Task details:
Which lines of the records below contain the string "Stockfoto"? Report each of them.

Extracted information:

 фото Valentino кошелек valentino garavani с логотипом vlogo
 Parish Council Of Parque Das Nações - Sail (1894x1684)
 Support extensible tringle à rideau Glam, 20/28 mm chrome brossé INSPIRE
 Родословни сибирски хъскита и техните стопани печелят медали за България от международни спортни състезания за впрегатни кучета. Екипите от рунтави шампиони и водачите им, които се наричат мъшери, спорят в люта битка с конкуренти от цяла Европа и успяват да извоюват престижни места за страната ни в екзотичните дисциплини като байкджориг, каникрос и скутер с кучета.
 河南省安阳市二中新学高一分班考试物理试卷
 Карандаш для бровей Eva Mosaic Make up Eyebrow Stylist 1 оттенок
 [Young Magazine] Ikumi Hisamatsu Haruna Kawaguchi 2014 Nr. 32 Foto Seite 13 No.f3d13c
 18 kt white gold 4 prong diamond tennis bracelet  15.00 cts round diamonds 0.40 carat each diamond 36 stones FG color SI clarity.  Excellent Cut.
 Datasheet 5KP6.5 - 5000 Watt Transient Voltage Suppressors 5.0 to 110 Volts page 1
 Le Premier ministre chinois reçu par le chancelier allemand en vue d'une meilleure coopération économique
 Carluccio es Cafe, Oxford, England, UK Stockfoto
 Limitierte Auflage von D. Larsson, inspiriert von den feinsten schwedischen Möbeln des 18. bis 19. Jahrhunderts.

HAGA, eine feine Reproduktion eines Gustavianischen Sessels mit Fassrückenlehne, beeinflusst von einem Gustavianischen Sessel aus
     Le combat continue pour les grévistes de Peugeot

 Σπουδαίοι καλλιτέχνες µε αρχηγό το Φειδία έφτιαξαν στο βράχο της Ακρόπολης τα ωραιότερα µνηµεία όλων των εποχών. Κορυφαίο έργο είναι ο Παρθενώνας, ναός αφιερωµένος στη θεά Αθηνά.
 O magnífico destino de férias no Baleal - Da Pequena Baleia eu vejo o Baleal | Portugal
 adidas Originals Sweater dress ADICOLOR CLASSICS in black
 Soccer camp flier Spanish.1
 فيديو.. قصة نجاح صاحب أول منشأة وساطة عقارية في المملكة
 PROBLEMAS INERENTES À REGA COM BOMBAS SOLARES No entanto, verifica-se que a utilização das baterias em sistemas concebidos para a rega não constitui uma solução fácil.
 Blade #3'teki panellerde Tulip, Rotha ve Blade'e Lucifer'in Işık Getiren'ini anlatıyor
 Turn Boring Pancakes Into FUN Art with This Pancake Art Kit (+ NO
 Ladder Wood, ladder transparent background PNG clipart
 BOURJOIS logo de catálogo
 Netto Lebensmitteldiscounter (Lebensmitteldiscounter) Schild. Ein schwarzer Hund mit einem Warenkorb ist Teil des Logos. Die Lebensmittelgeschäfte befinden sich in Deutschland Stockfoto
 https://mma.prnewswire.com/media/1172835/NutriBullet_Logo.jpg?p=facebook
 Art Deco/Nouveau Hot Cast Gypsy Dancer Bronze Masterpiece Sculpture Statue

Exercise result:
 Carluccio es Cafe, Oxford, England, UK Stockfoto
 Netto Lebensmitteldiscounter (Lebensmitteldiscounter) Schild. Ein schwarzer Hund mit einem Warenkorb ist Teil des Logos. Die Lebensmittelgeschäfte befinden sich in Deutschland Stockfoto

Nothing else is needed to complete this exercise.